Verifiable "Aha!" moment here. The details of this drawing are starting to come together. I went through several iterations of that column before my drawing instructor gave me a tip that tied it all together.

I'm less enamored with how the additions seen here turned out. It's on the right track but not really capturing what I want. My instructor has tried to steer me in another direction, but I haven't liked that either. I might have to revisit those though because I'm getting too lost in the details.

Bonus points if anyone can identify the house I'm drawing.

Saturday, November 15, 2008

Architexture


I've started working on a drawing from one of my favorite photographs. This is one small detail and I'm pretty happy with the results so far. It's just a draft, but it's coming along well.

I've learned a lot doing this drawing and have surprised myself. I selected it as a stretch goal, figuring I'd pick an element or two to work on and not really turn it into a finished piece. Now I'm certain that I'll be able to create something I'm happy with.

Click on the doors to see the state of the rest of the draft and then try to guess what I spent my last drawing lesson focusing on.

Actually, that's not really true. While I did learn the wood texture technique I'm trying here, I actually spent the bulk of the lesson on my first attempt at the drawing as a whole. Again, surprised at how well it went.

Thursday, May 22, 2008

Use-Reference

Still in the draft stage, but I've made progress on my latest attempt at art.

I'm unnaturally obsessed with Douglas Hofstadter and his philosophy of the mind. Also a fan of Rene Magritte. This piece has been bouncing around my head in some form or another for a long time.

This is rough draft #2. I like it but don't love it. Colors are wrong, spacing is wrong, and yes I'm aware of the misspelling. But it gets the idea across.

For some reason, when I stepped away from it (and specifically, once I took this photo and scaled it down), it struck me that it looks like a book cover. I accidentally stumbled into that odd subset of graphical qualities that most book covers seem to fit into.

Thursday, February 21, 2008

Emergency Lemon


There's a story behind this one that I'm sure is only amusing to me and the person on the other end of an IM conversation. It involved Trader Joe's, lamb kabob, and a very dry serving of tabbouleh (or tabouli, or tabouleh, or however you want to spell it). Thus, the Emergency Lemon was born.

Personally, I drew the box with the lemon and smiled. I added the reamer and laughed out loud.

Ironically, we had just gone over perspective in my drawing class when I drew this. I even had a debate with the instructor over one-point perspective and the fact that, unless you are looking dead straight on at the subject, there's technically no such thing as one-point perspective and that it's just a convenient shortcut because the actual perspective is hardly discernible in that case. So yes, I'm well aware that the front plane of this box is utterly wrong.

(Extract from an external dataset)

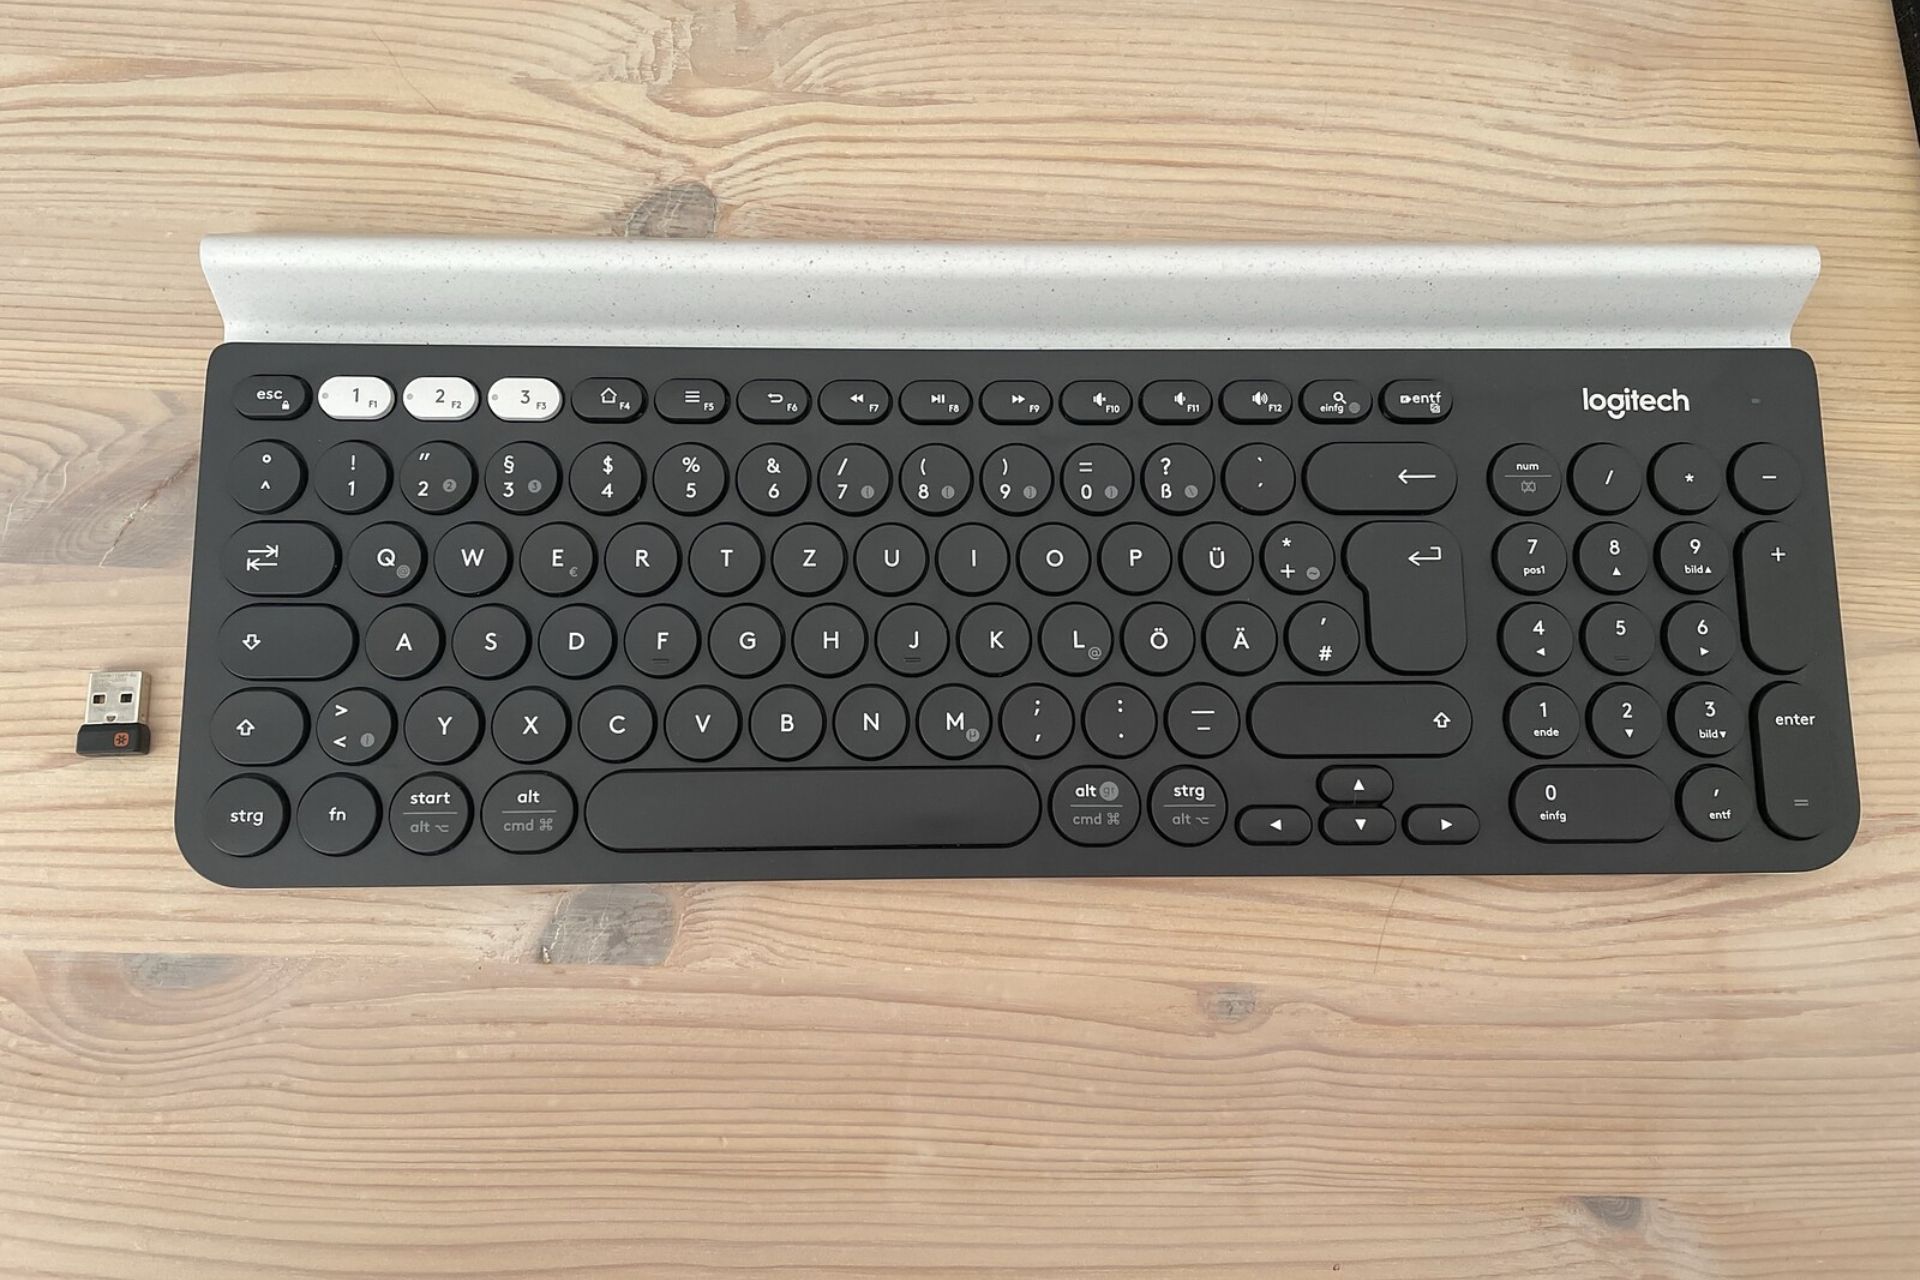 3 Ways to Fix your Logitech k780 Keyboard When it's Not Working

And yes, it does bug me.

Wednesday, January 16, 2008

Couldn't have been a nicer day

Flashing back for a moment to our October vacation, this photo was my favorite of the countless I took of the Statue of Liberty. Hard not to take a good shot, of course.

I'm also particularly fond of this one. I love the somewhat disorienting mix of scales, between the massive base of the statue, the comparatively minuscule people, and the distant but huge city. Makes a nice statement, no?

And of course I had to play with the telephoto lens. Can you believe the color of the sky that day?!

Wednesday, January 9, 2008

A series is born

Ever since I finished my first mixed-media piece I've been contemplating trying my hand at it again.

That first one came from nothing more than a desire to have something colorful and graphic on the wall. If I were to try again, I wanted it to come from a place of a little more meaning and be a little more thought out. I had doubts that I'd be able to come up with a vision and execute it.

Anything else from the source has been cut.